# Pigeons in apartments and cleanliness?



## angopop (Mar 30, 2012)

Pigeons in apartments and cleanliness?

We've had Angie for about 2 months, our first pigeon, and are still getting used to keeping a pet bird. We tried a few different places in the house to keep the cage [kitchen (bad idea), hall near our bedroom (kept us awake at night)] then wound up in the den/2nd BR on the other side of the house, which seems to work for all.

We keep Angie in the cage when we're at work, but most of the time when we're at home we try and keep the cage door open so she can have some freedom. We've been giving her a bath every weekend, which I believe helps keep down that pigeon dander.

Our place is fully carpeted, except for the kitchen. We use a sneaker cleaner which nicely removes any poop stains.

One question for you guys is how much you clean? We've noticed that when she flaps her wings, we can feel a lot of dust get kicked up, most likely a combination of dust, and unfortunately probably some dried poop, and we sometimes feel congestion in our lungs and heads for a short while afterwards, which I find worrisome. Most of the time she'll flap her wings and we don't feel anything, a few times we have.

We've decided to clean more often, change the papers at least twice every day, vacuum the room Angie is in every day, and run the air cleaner more often.

I worry about not picking up every molecule of poop which might land on the carpet and us traipsing it throughout the house on our shoes and socks.
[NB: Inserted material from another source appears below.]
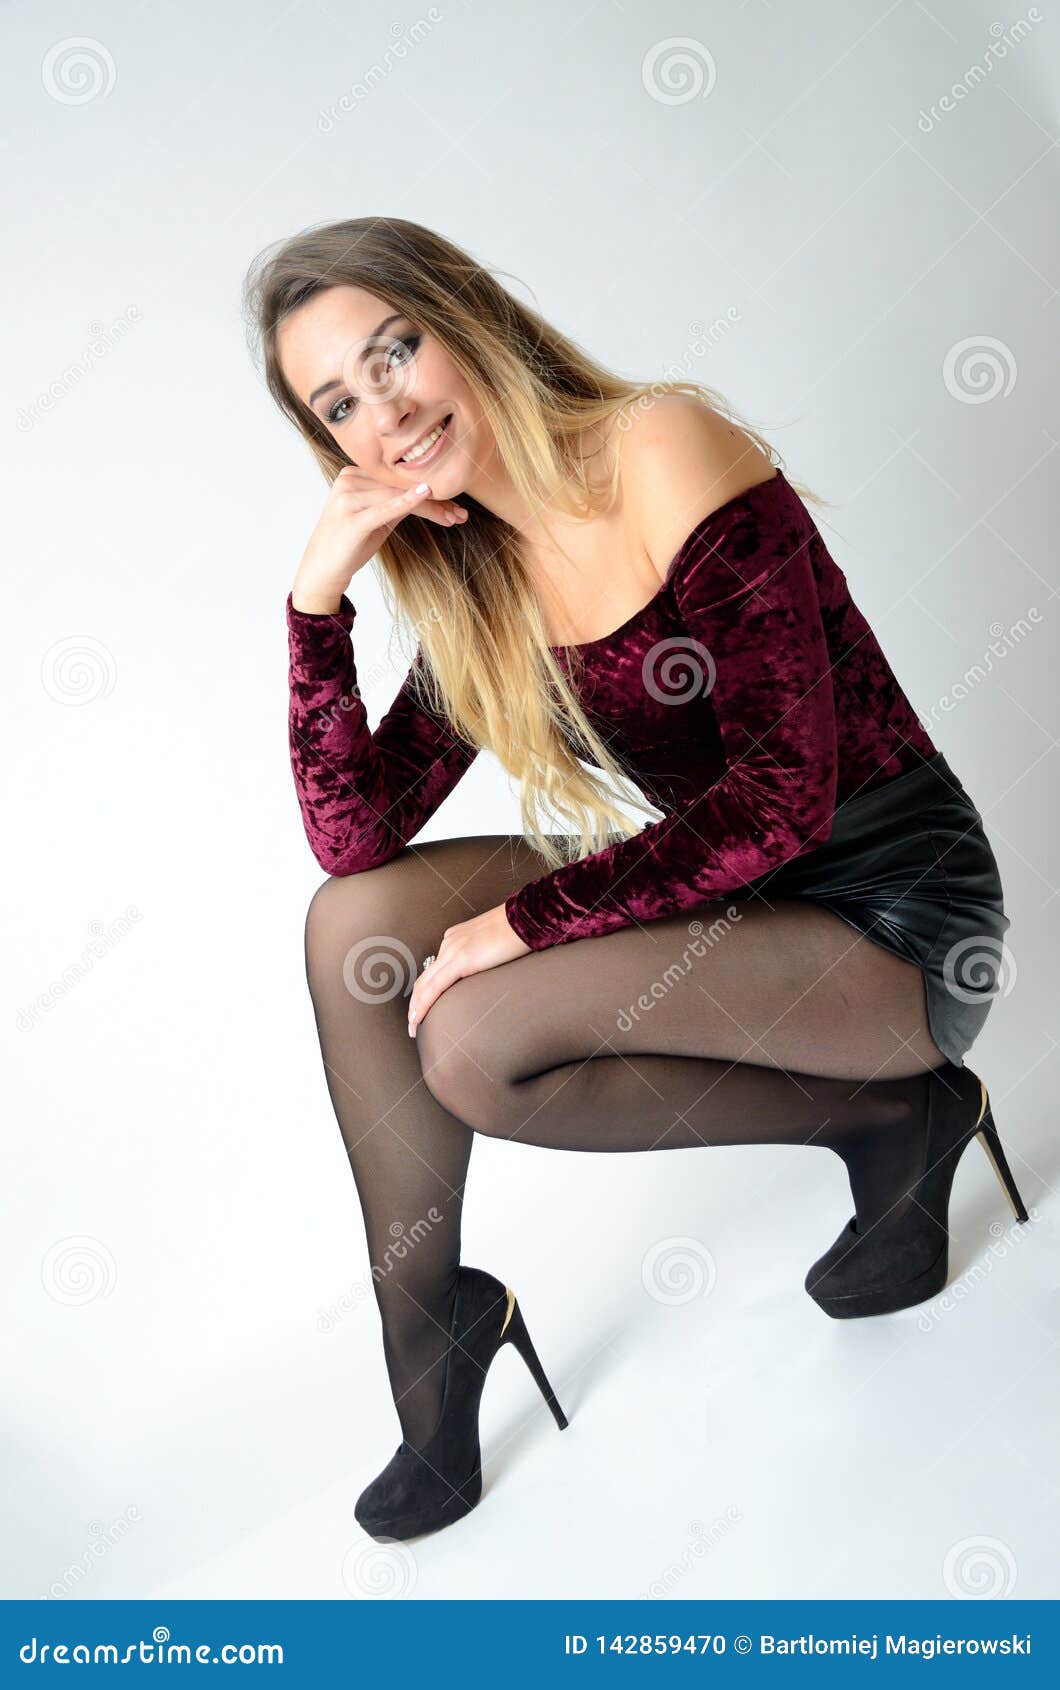 https://thumbs.dreamstime.com/z/well-built-girl-stockings-beautiful-polish-model-maroon-top-black-shorts-high-heels-142859470.jpg

What have you guys experienced, and how do you deal with these issues?

Thanks,
Arthur


----------



## Skyeking (Jan 17, 2003)

I would vacuum and dust more as you are doing. I would definitely run an air purifier every day also. The particles of dust can cause breathing issues. 

Keep windows open to get fresh air when you can and if possible keep Angie confined to one room (door closed) while you are not home, a room you do not use much.


----------



## Lefty07 (Dec 30, 2009)

*Air Cleaners - a good idea in any house with birds / pets*

I run my air cleaner (in the room with my birds) 24 hours a day. It's worth the expense when you have birds.

Also, don't get too freaked out about the mess - and comments you may get from people who don't "approve" of pigeons. Remember, a lot of people have parrots that are larger and probably_ proportionally _more messy than a pigeon.


----------



## nycpigeonlady (Jan 22, 2012)

I currently have a feral rescue who'll be released soon. What has helped enormously, is giving him his bath dish as often as he likes. He likes to bathe daily and that really helps to keep down the amount of feather dust. But as Skyeking already said, good ventilation is very important - for both the bird and you. Mine uses his cage only for sleeping in at night and has 3 or 4 favorite spots where he likes to hang out. Those I line with paper towels secured with masking tape and change daily. I find it all very easy to maintain, but I have a high tolerance for mess, which doesn't sound to be the case with you.


----------



## Michy (Jul 29, 2011)

Pigeon diapers!!!!


----------



## meganistkrieg (Jun 1, 2011)

We have an apartment-pidge also and the best remedy I've found for bird-dust is bath salts. At least once a week, I fill up a big plastic pan with water and sprinkle in a few pinches of bath salts (I got a big container of it from Foy's) and it makes all the difference in the world. I even tried going salt-less one week and the dust was noticeably more than when we used salts. They're not expensive either, so maybe give that a shot.


----------



## angopop (Mar 30, 2012)

Thanks for your comments. We're working on cleaning/vacuuming more.

We just got some PigeonPants, so we're going to try those out and see if Angie will tolerate them. 

We do keep the windows open, and we will install a window fan, it's a good idea.

-Arthur


----------



## Michy (Jul 29, 2011)

Good luck! I know that the PigeonWear I got for our pidgies has been a godsend. Makes pigeon ownership that much more enjoyable!


----------